When the data below is printed, every line must match exactly and the images must be absent.
-- Recorded information follows --
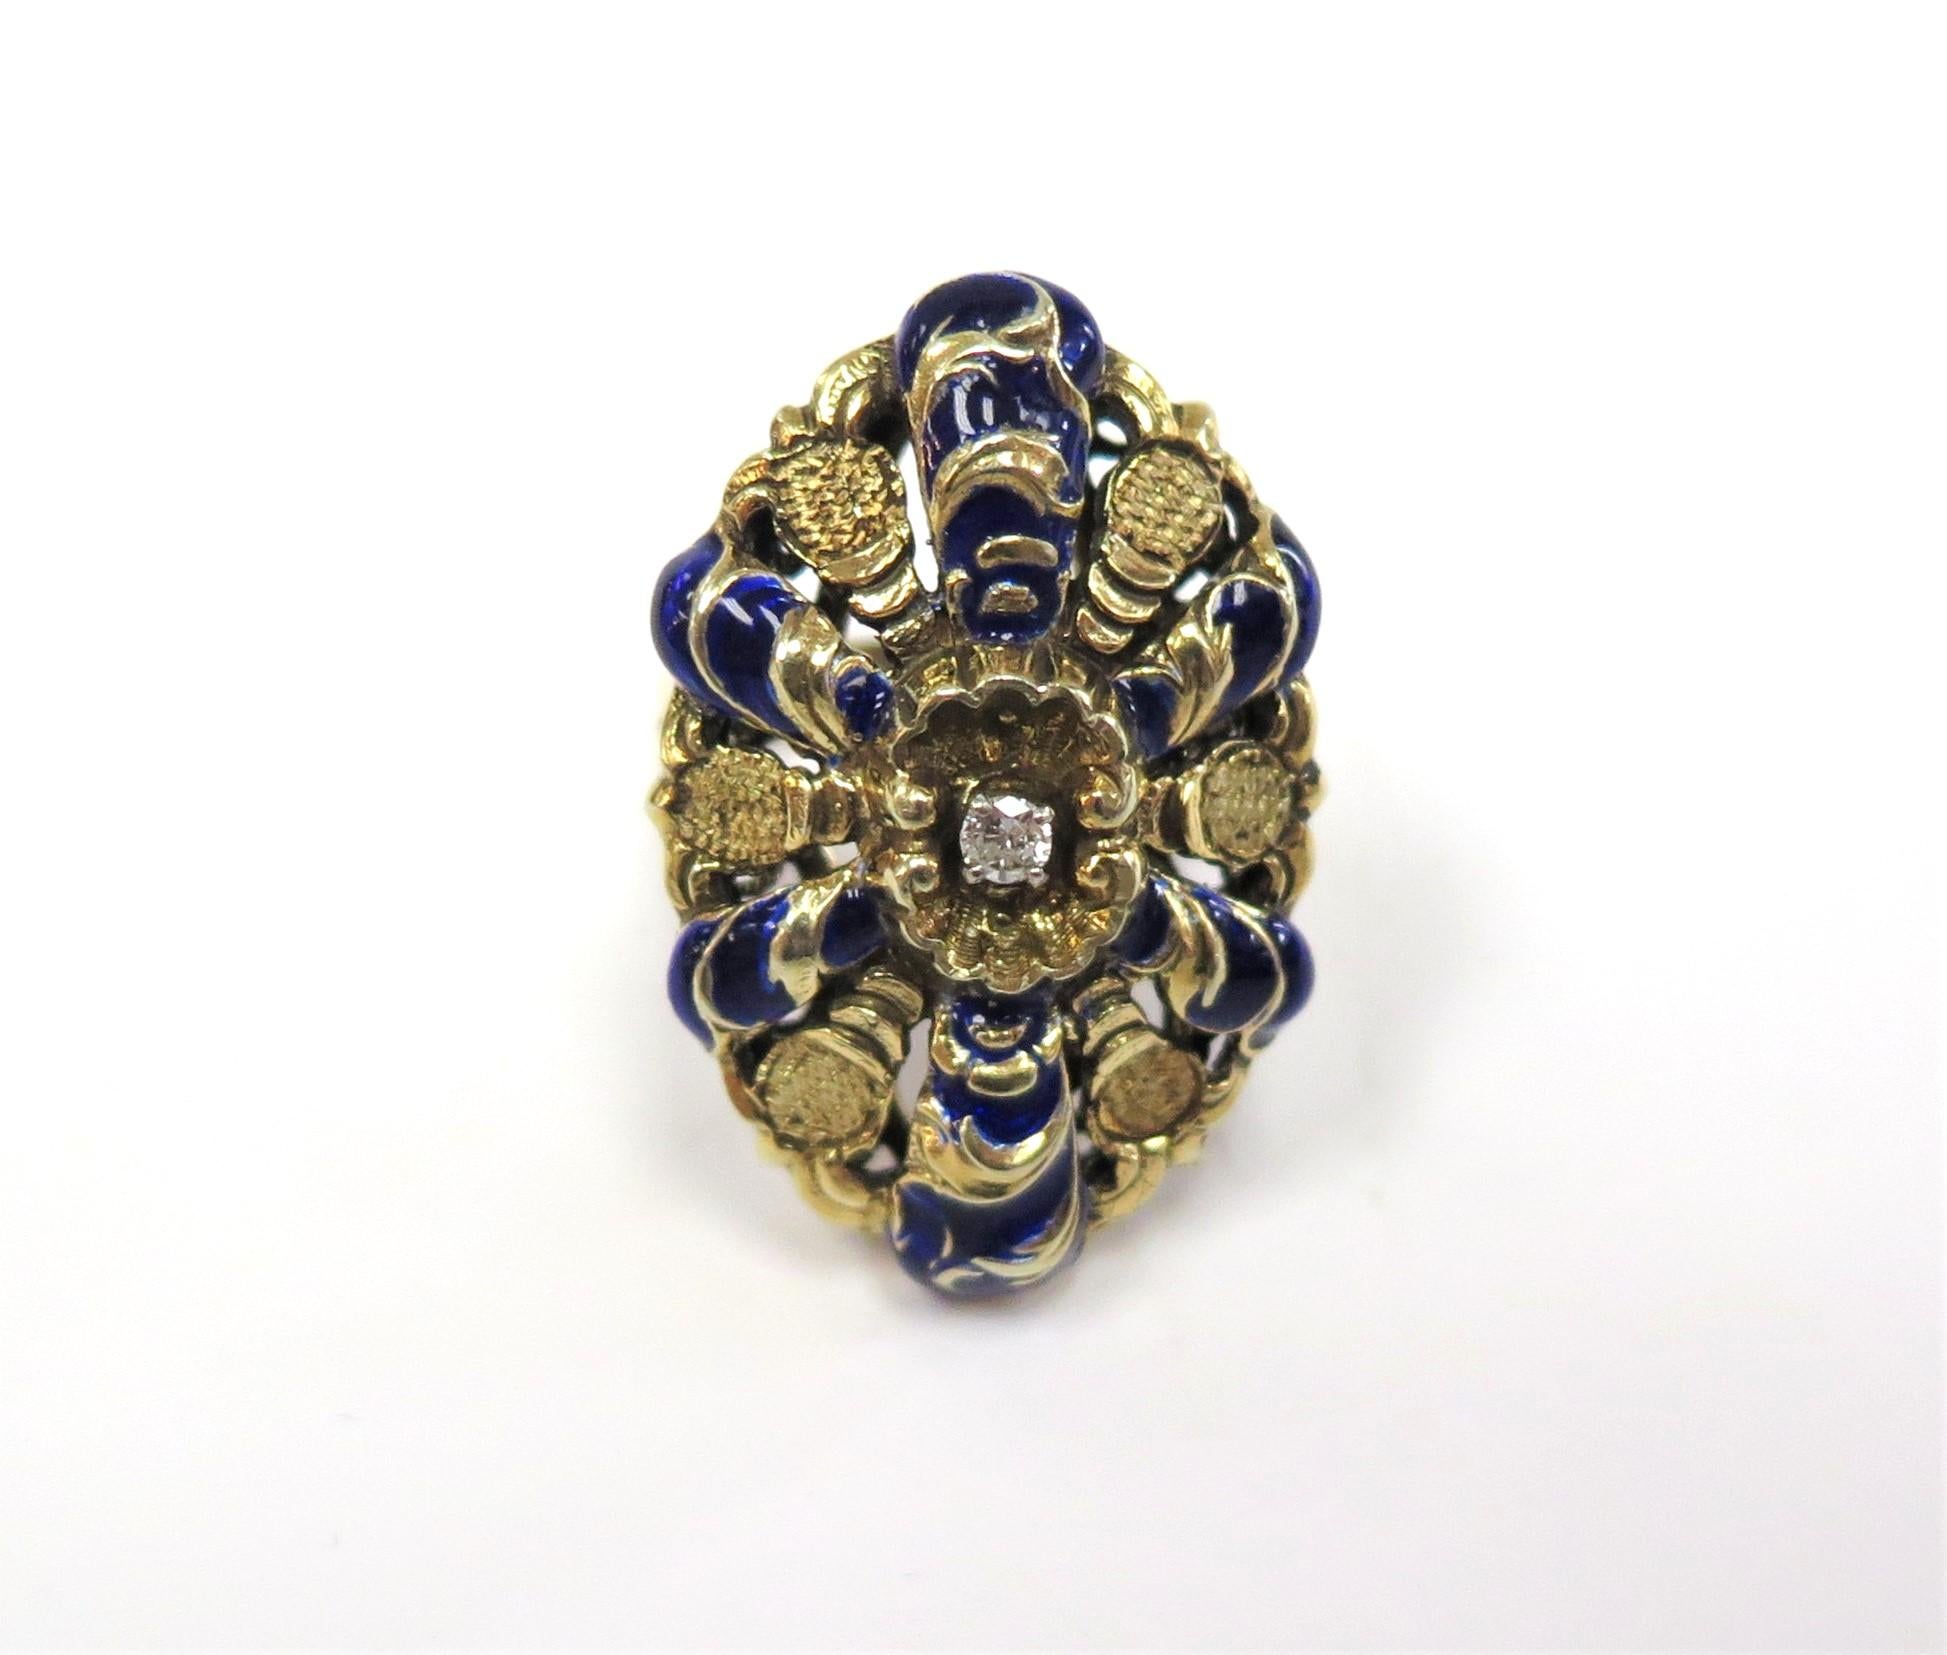 This is a stunningly regal and elegant antique Victorian ring whose blue enamel and 14 karat yellow gold create an utterly stunning color pop.

Circa 1880
Center Round Diamond: 0.07 Carat Clarity: VS/SI Color: G-H
size 7 - We can size it for you
-- Recorded information concluded --
## Your response
 This is a stunningly regal and elegant antique Victorian ring whose blue enamel and 14 karat yellow gold create an utterly stunning color pop.

Circa 1880
Center Round Diamond: 0.07 Carat Clarity: VS/SI Color: G-H
size 7 - We can size it for you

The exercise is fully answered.